• [Excerpted data]
++++
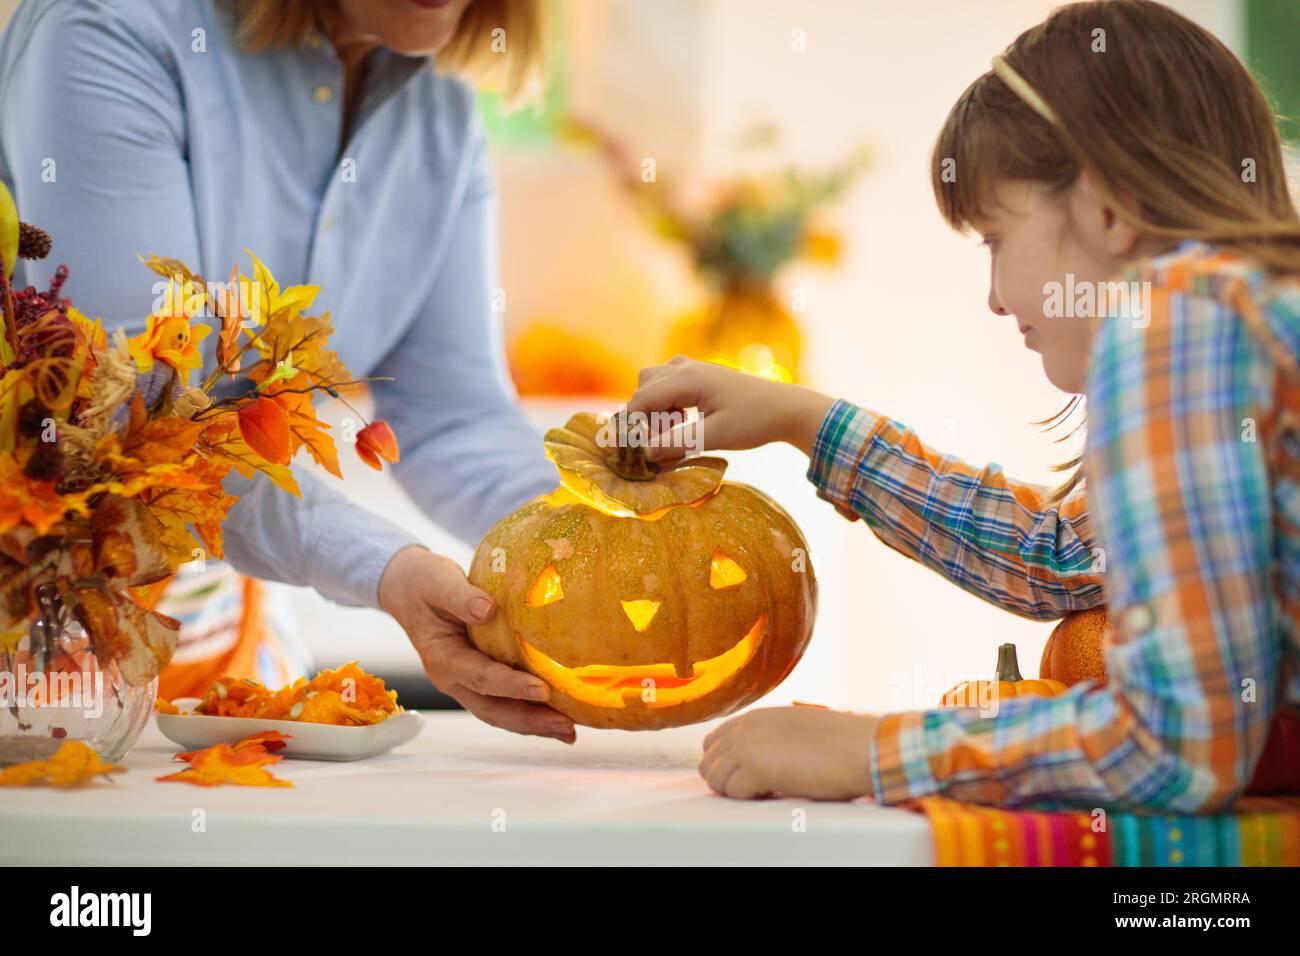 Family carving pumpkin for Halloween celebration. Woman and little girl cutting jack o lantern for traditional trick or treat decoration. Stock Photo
++++
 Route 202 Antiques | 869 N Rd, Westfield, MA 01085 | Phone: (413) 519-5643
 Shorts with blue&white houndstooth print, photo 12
++++
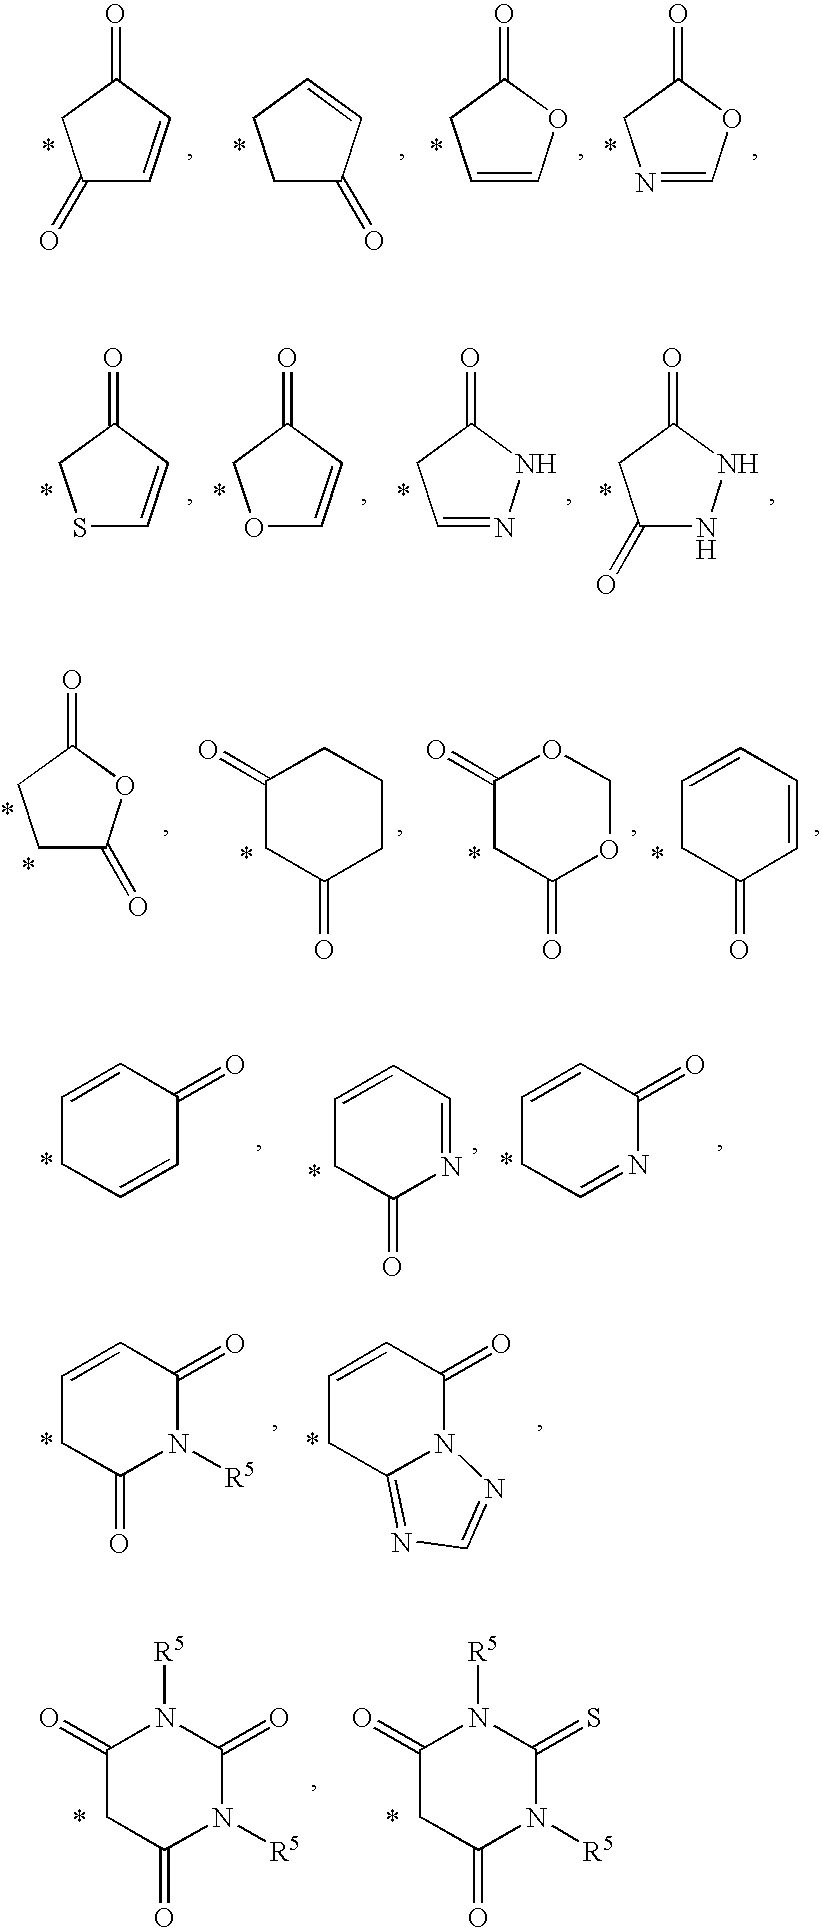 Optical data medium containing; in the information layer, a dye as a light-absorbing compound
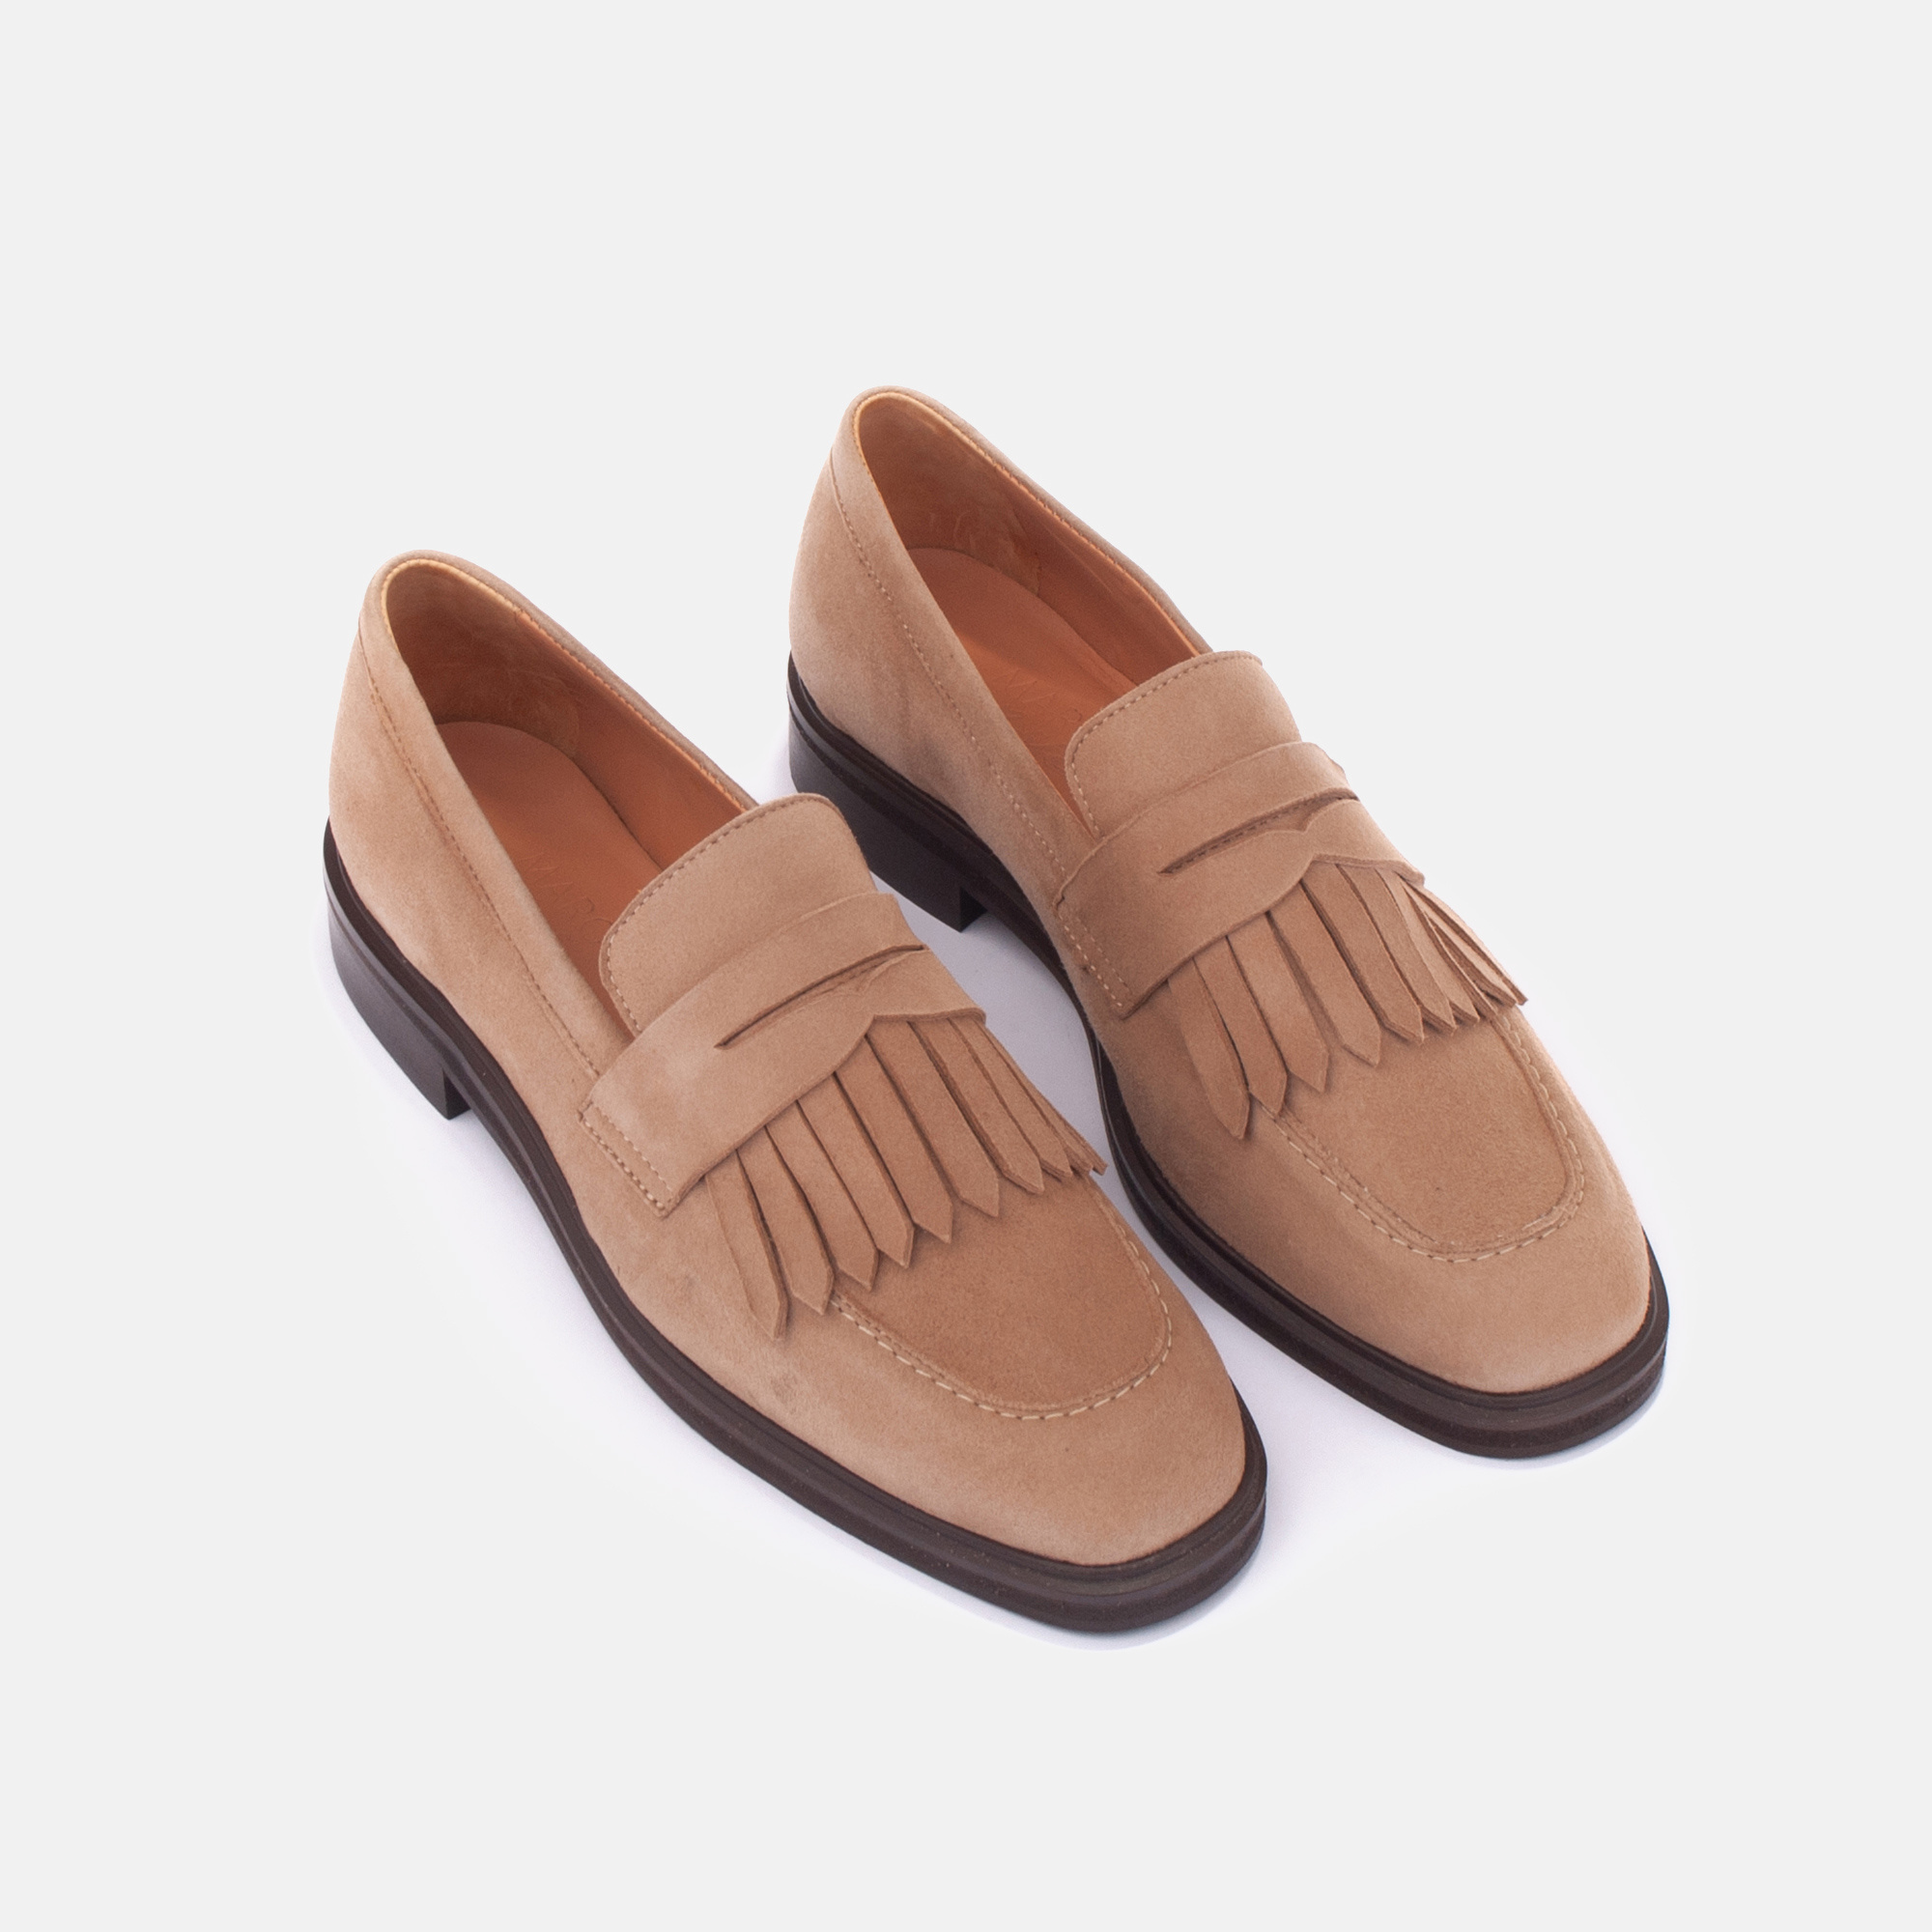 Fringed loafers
++++
• [Instructions for the task] Go to the line above holding "Optical data medium", then copy exactly each line down to and including the one holding "Fringed loafers", leaving pictures out.

• [Problem solution]
 Optical data medium containing; in the information layer, a dye as a light-absorbing compound
 Fringed loafers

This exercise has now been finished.